Even before the action takes place, the landscape in 2022’s God’s Country sets a desolate, bleak tone. Western Montana is portrayed as a vast, isolated land, and it creates an unsettling atmosphere for audiences before the action kicks off.
But then the action kicks off, drawing audiences in even more.
The film is based on the short story “Winter’s Light” by James Lee Burke. Thandiwe Newton plays university professor Sandra Guidry. Reeling after the loss of her mother, Sandra soon finds herself at the mercy of two hunters Nathan and Samuel (Boris Jarsky and Yellowstone’s Jefferson White). The two trespassed on her property. She asks them to leave. They refuse. This feud continues to escalate, and is, in every scene, on the verge of exploding into full-fledged violence.

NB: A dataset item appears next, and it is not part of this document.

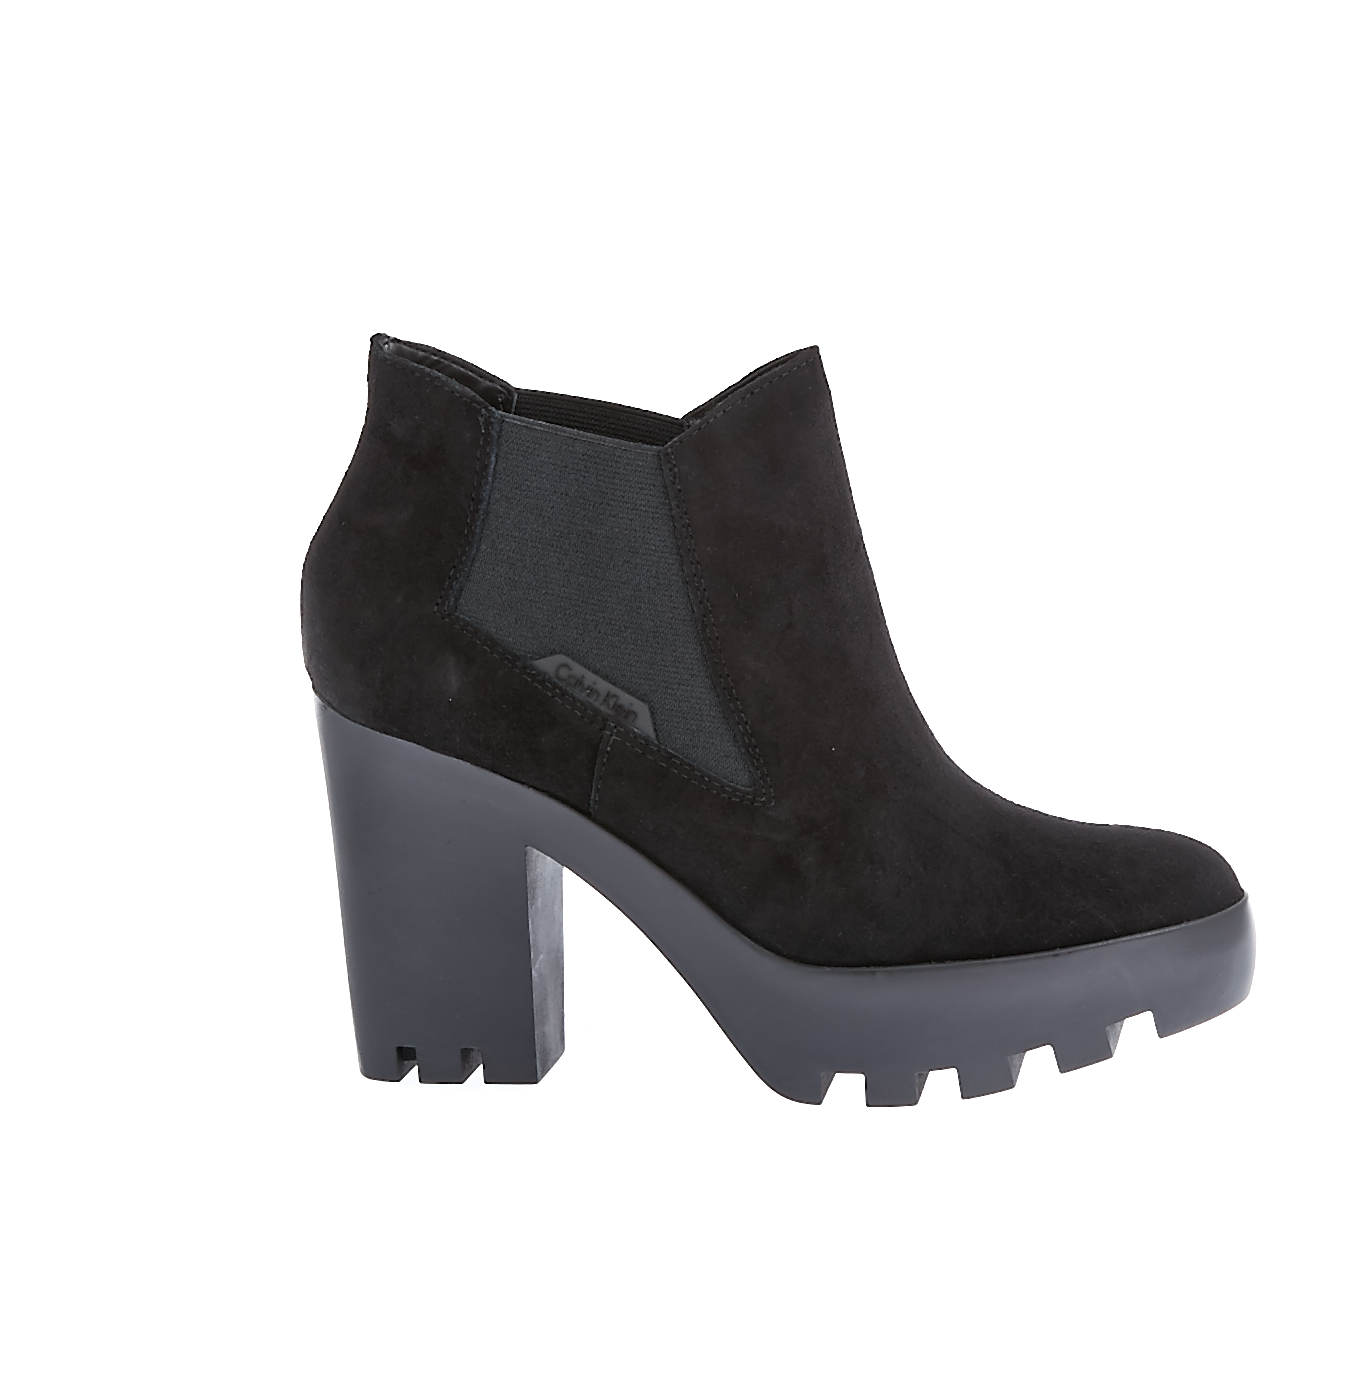 CALVIN KLEIN JEANS - Γυναικεία μποτάκια Calvin Klein Jeans μαύρα

This dispute over territory drives most of the film’s action, but Newton, who’s in every scene of the film, carries the overall production with a simmering gravitas that almost bleeds out of the celluloid. A black woman in Montana, she already feels as if she doesn’t belong before her encounters with Samuel and Nathan. Institutions like the police force and her own university cannot provide solace. Toxic masculinity also appears as the film explores the hunters and what makes them act the way they do. It is a sometimes uneasy but extremely profound film, and one of 2022’s unsung gems. The film would work well on public or academic library shelves for those studying race in cinema, as well as those interested in the Western genre.